I’m almost tempted to get a few bulbs for any price I can find and regrow. Sweet potato toast, roasted, fries, chips, mash… Mmmm… Sigh. The closes I can substitute it with is butternut squash, but it doesn’t fully do the job in replacing sweet potato.

Substitute sweet potatoes with butternut squash


Lime is ridiculously expensive in Russia. Like 1$ a piece! Of course I would use it to squeeze over avocados, but I have to stick to a more sour lemon juice. I like the sweetness of lime, and I know that it works just better in some recipes, but I cannot force myself to pay such a price for an “additional” ingredient.

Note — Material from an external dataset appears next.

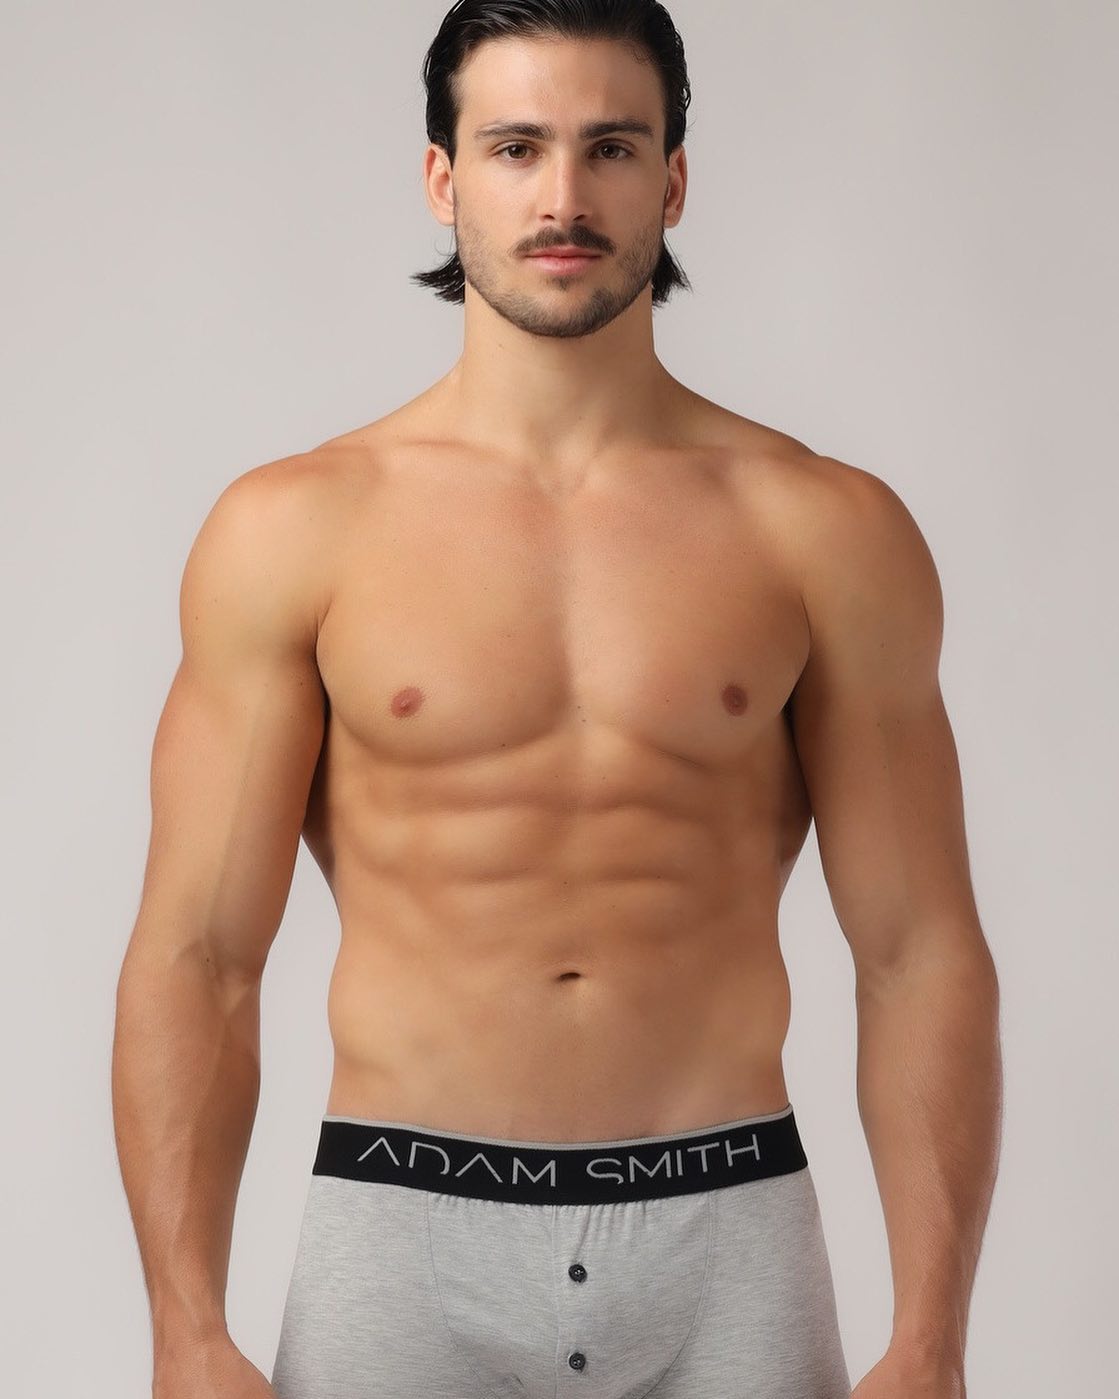 Looking for a pair of trunks with buttons? Check out the Button Front Boxer Trunks from AdamSmithWear, a beautiful pair of low-rise trunks with a functional button front fly:
____
https://menandunderwear.com/shop/underwear/adam-smith-button-front-boxer-trunks-grey

Lime and Vietnamese spices


Avocados are sold a lot in here. Overall, at a higher price than in Canada. They mainly come from Israel. Green and hard as rock. I know you can ripen avocados, and that’s what I was doing back in Canada. But what I miss in Russia is properly ripening avocados. Getting this fruit is like playing a lottery: sometimes you can win, but often avocados just rot inside and go from rock to some disgusting brown mush.

Ripening avocados

Peanut butter

Despite being more and more available, peanut butter is fairly hard to find. It’s mainly sold in healthy food stores, and when you find it, peanut butter would be either made from raw peanuts or cost unreasonably a lot. Classic PBJ is an all time saver, but I could use peanut butter to make energy balls, add it to smoothie bowls etc. I guess I’ll just have to get a good food processor to make my own.

Hemp hearts

Whole hemp seeds are fairly available in healthy food stores, but those sweet shelled hemp hearts are becoming an expensive treat. They are so nice to sprinkle on salads or yogurt, to add into granola or a smoothie bowl. I know, it’s probably not that daily cooking ingredient, though I wish I could put my hands on it.

In conclusion

Sometimes we take food for granted. Ingredients you may get used to will become especially valuable when you lose easy access to them. Savor and enjoy every bite. Because like I was always saying

Food is inevitable pleasure.

P.S. Despite having strong nostalgic tone, I am in no way complaining or comparing two countries. I do enjoy my meals and cook up with what I have. I definitely don’t miss high prices in Canada for any decent quality food.